The EMTs considered calling a Life Flight to airlift my dad to the hospital, but decided against it since there was not a good place for the helicopter to land.
My mom had to have her jeans cut off of her, due to the fast swelling of her broken leg. And in moving her to the stretcher from the car, she was in such extreme pain that she cried out many times. She had broken her left humerus — just below the shoulder joint, her left pinky finger, her right tibia — just below the knee joint, and fractured a vertebrae in her lower back (L5).
A good Samaritan (who ended up being a physicians assistant) witnessed the accident and stopped to help. She went to my mom first but my mom sent her to my dad. This woman held up my dad’s head and kept it steady for him until the EMTs arrived and could get him in a neck brace. This brings tears to my eyes every.time I think about it — I had been asking God to lift their heads even before I had known my dad couldn’t lift his head on his own. I am so grateful for God’s provision in this woman! She also called my brother to let him know about the accident.

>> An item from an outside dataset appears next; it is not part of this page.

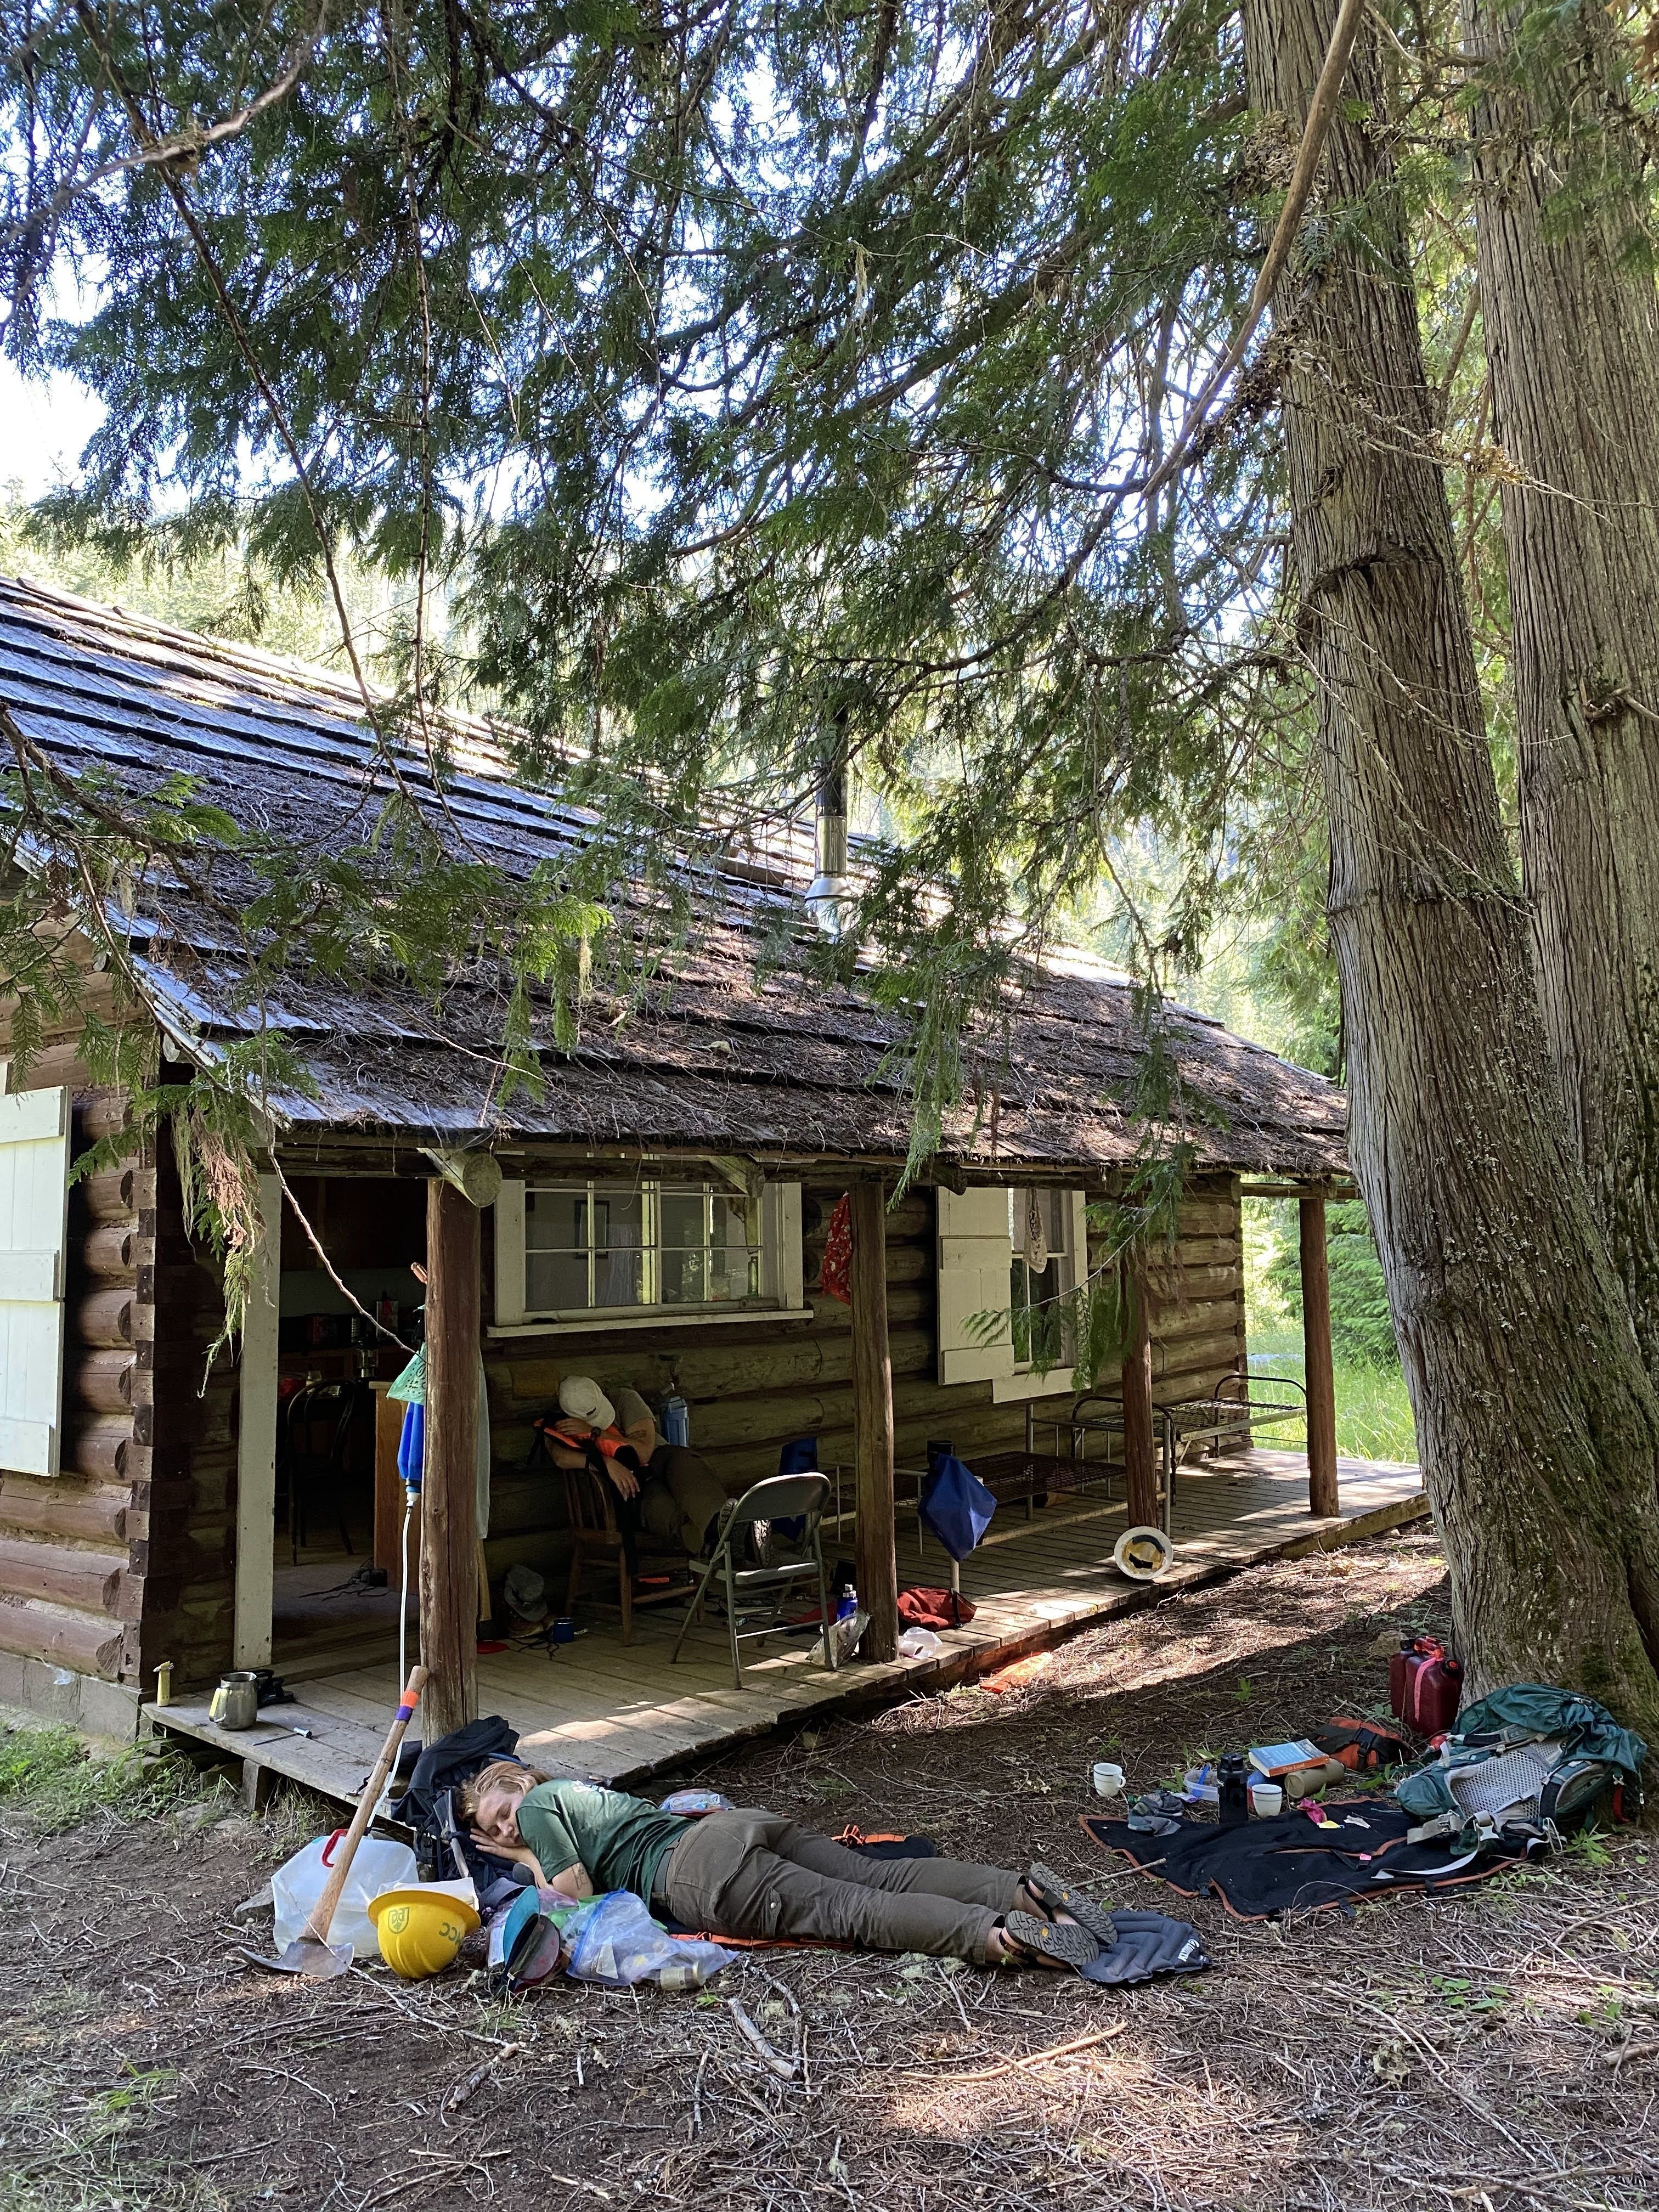 A view of a wood cabin in a standing of cedars. On the ground in front of the cabin, a crew member sleeps. Another sleeps sitting in a chair on the porch of the cabin.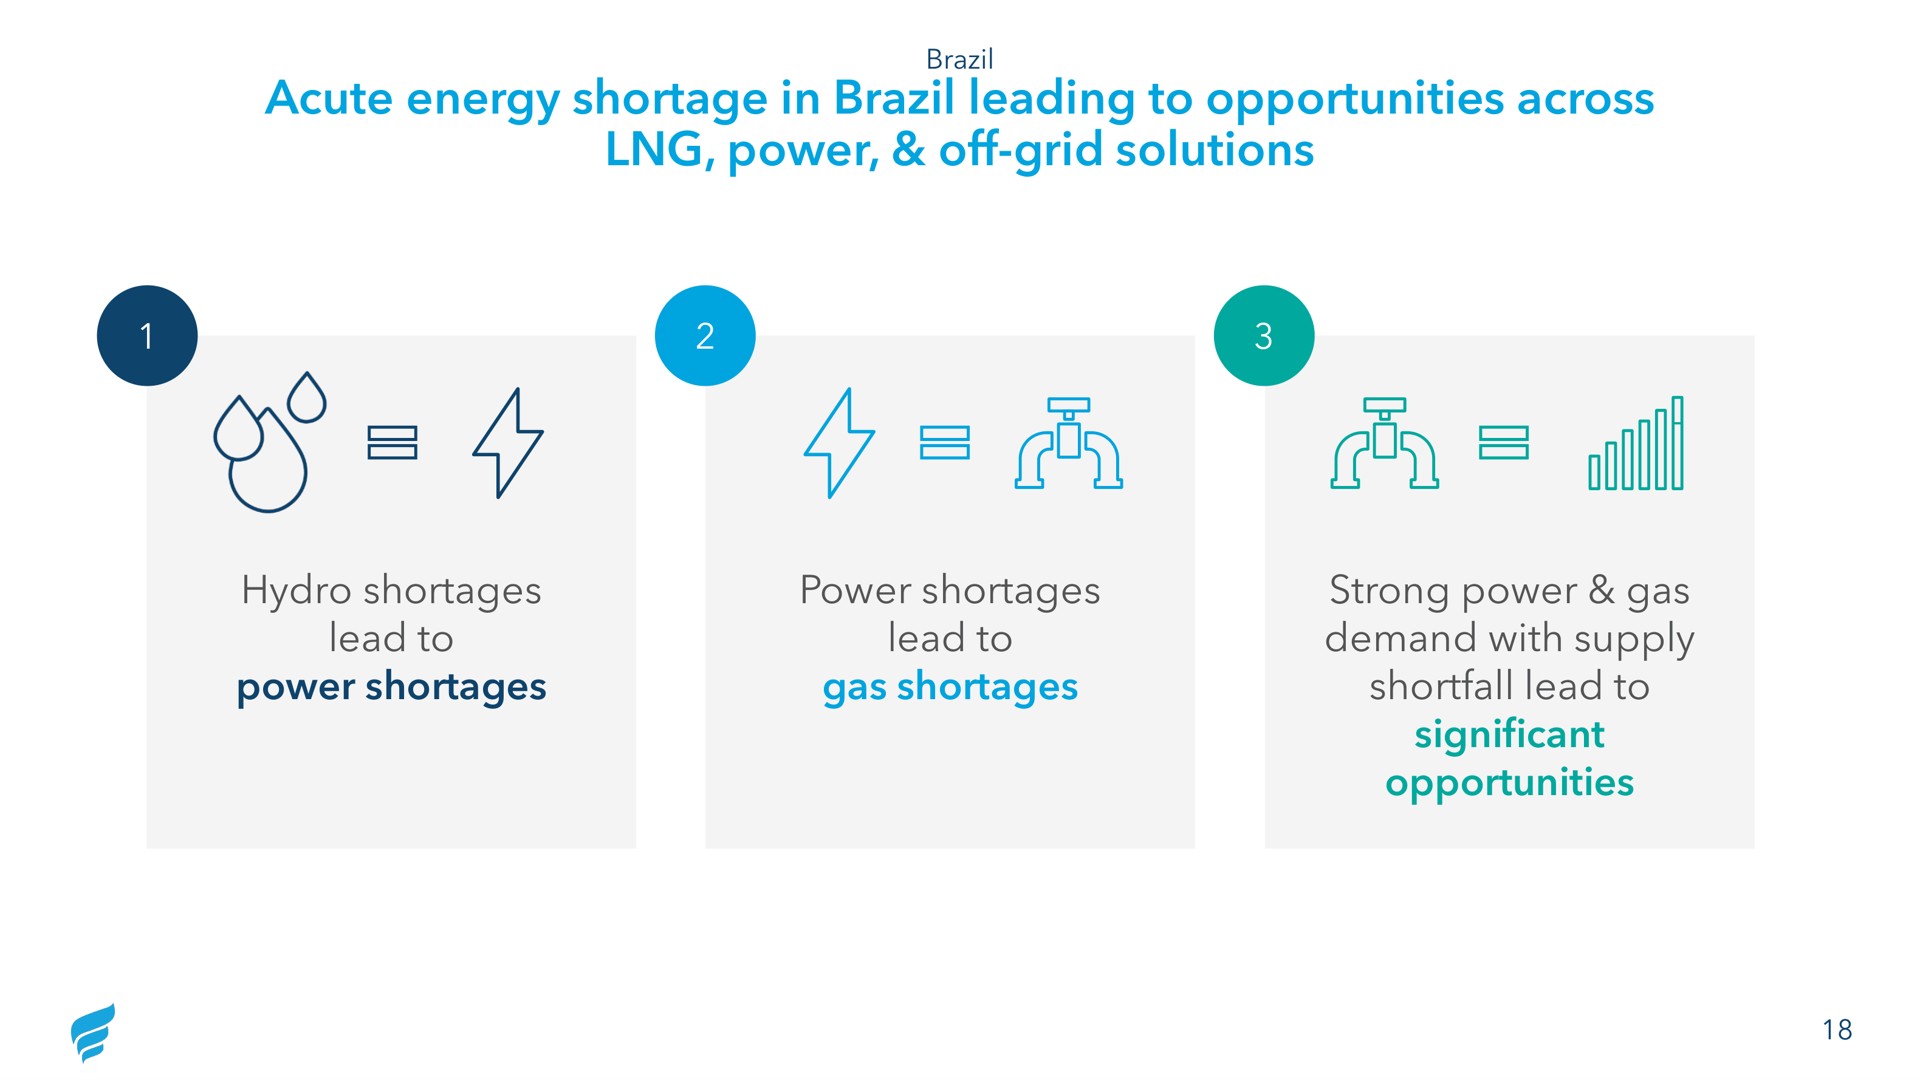 acute energy shortage in brazil leading to opportunities across power off grid solutions hydro shortages lead to power shortages power shortages lead to gas shortages strong power gas demand with supply shortfall lead to significant opportunities | NewFortress Energy

In addition to the physicians assistant who stopped to help, I am grateful for so many, many things.
While I hate that this happened to my parents shortly after they moved to Arkansas to be closer to us (they’re 90 minutes away), I am beyond-grateful that they were close! If they had still lived in Florida, neither me nor my brother would have been able to be there so quickly.
I am also grateful that my brother was living with my parents at the time and could get to the scene of the accident within minutes after he received the call from the woman who stopped to help.
I am grateful that my parents were in their SUV (versus their Mini Cooper!) and that it performed exactly as it should in an accident.
I am grateful that my dad thought and reacted quickly, even though the driver of the dump truck did NOT course correct as he should have.
In every minute of the day of the accident, and in every day — in every moment — since, God has shown Himself trustworthy. He has shown Himself faithful.
I can honestly say that His goodness and mercy have followed us (Psalm 23:6), and He has taken such loving and kind care of us over and over again.
God is in the business of redeeming all things.
He makes ALL.THINGS.NEW — even broken hearts and broken bodies!